IDC has warned that there will be a fallout for those selling servers and storage following the Brexit decision but thinks that distribution might be able to cushion price rises

The impact of the decision to leave the European Union is going to be felt in the storage and server markets as customer pause and reflect on investment decisions.

There are also pricing issues because most of the hardware is coming from manufacturers who base their activities in dollars and there will be adjustments as they try to factor in the weakening pound.

There night be a chance that some of the worst of the price rises are cushioned by the channel, according to an IDC analysis of the situation, because of their expertise in stocking up ahead of issues such as Brexit.

"The server and storage markets will see a negative effect in the short to medium term — planned datacenter modernization projects and new datacenter buildouts in the U.K. could be either postponed or delayed, because large multinational organisations will reconsider if the U.K. is the best location for a long-term datacenter investment," said Carla Arend, research director, IDC European Infrastructure and Cloud Research.
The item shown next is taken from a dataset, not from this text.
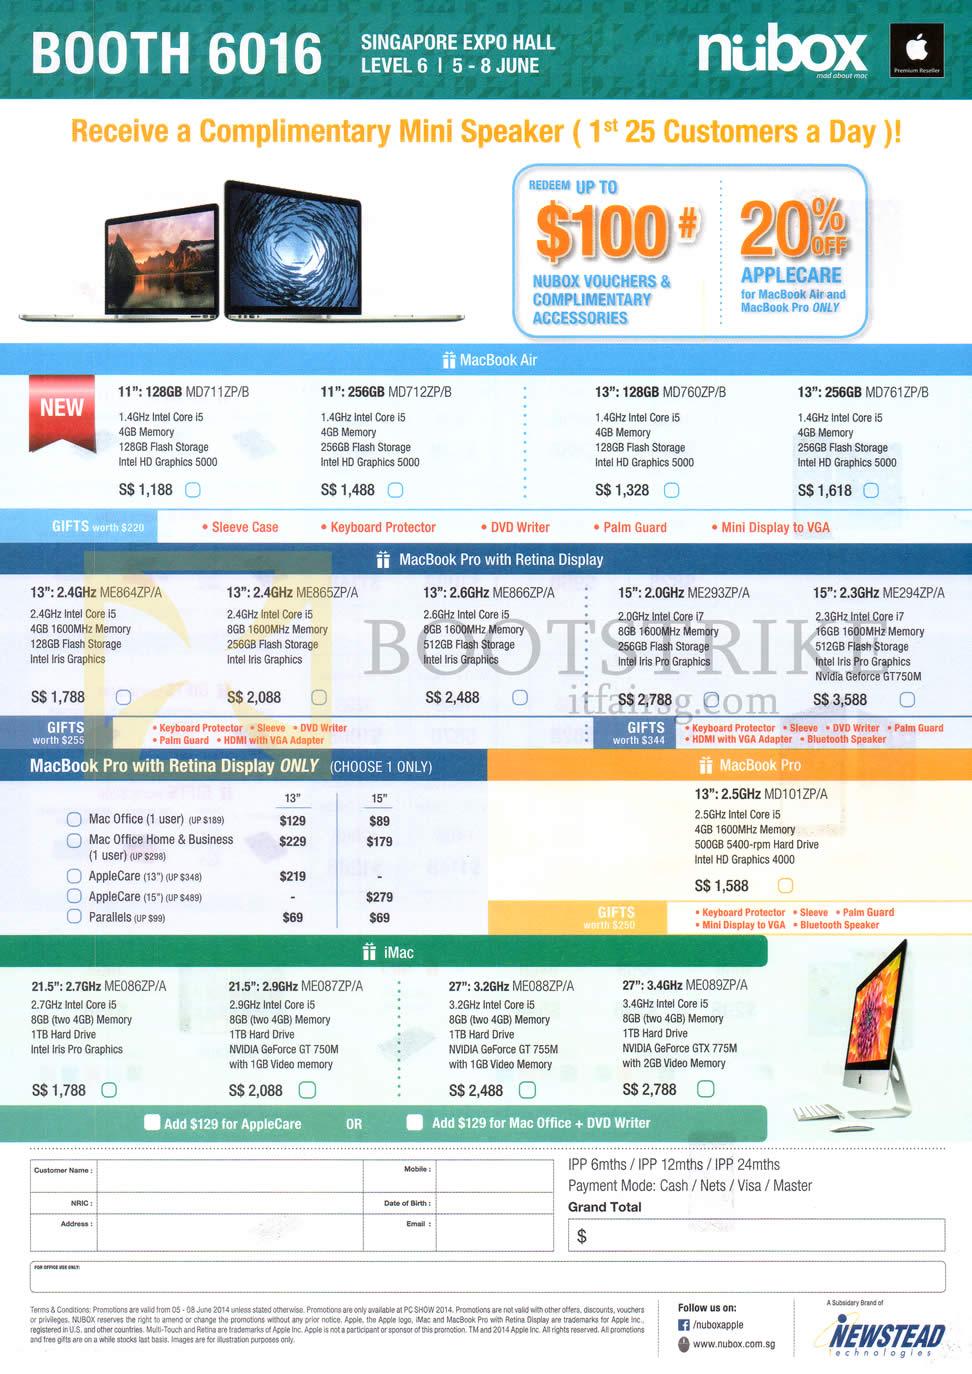 PC SHOW 2014 price list image brochure of Nubox Apple MacBook Air Notebook, MacBook Pro, IMac Desktop PC

"Furthermore, the devaluation of the British pound drives server and storage manufacturers to adjust (increase) their pricing for the U.K. market, making it difficult for U.K. businesses to acquire technologies at desired budgets,” she added.

“However, distributors might delay this effect by one or two quarters as they are very savvy at stocking up when they anticipate a price rise,” she said.

Within days of the Brexit decision most of the major analyst houses rushed out some predictions of what it would mean, with Gartner forecasting negative IT spending for the next couple of years in the UK.

But with things settling down slightly and some stability returning to the political scene, in the shape of a new Prime Minister, and a timetable for when Article 50 will be triggered there are some hopes that some investments might be re-sheduled fairly soon.

Despite some of the doom and gloom that accompanied the Brexit vote there are some tech firms viewing it as an opportunity to strengthen their commitment to the UK and the channel here.

Nick Galea, CEO and cofounder of 3CX, said that it did not feel the decision to leave the EU would have a negative impact on its business.

“We don’t see it as a negative thing for our business. We are aggressively expanding in the UK and there are lots of opportunities,” he said.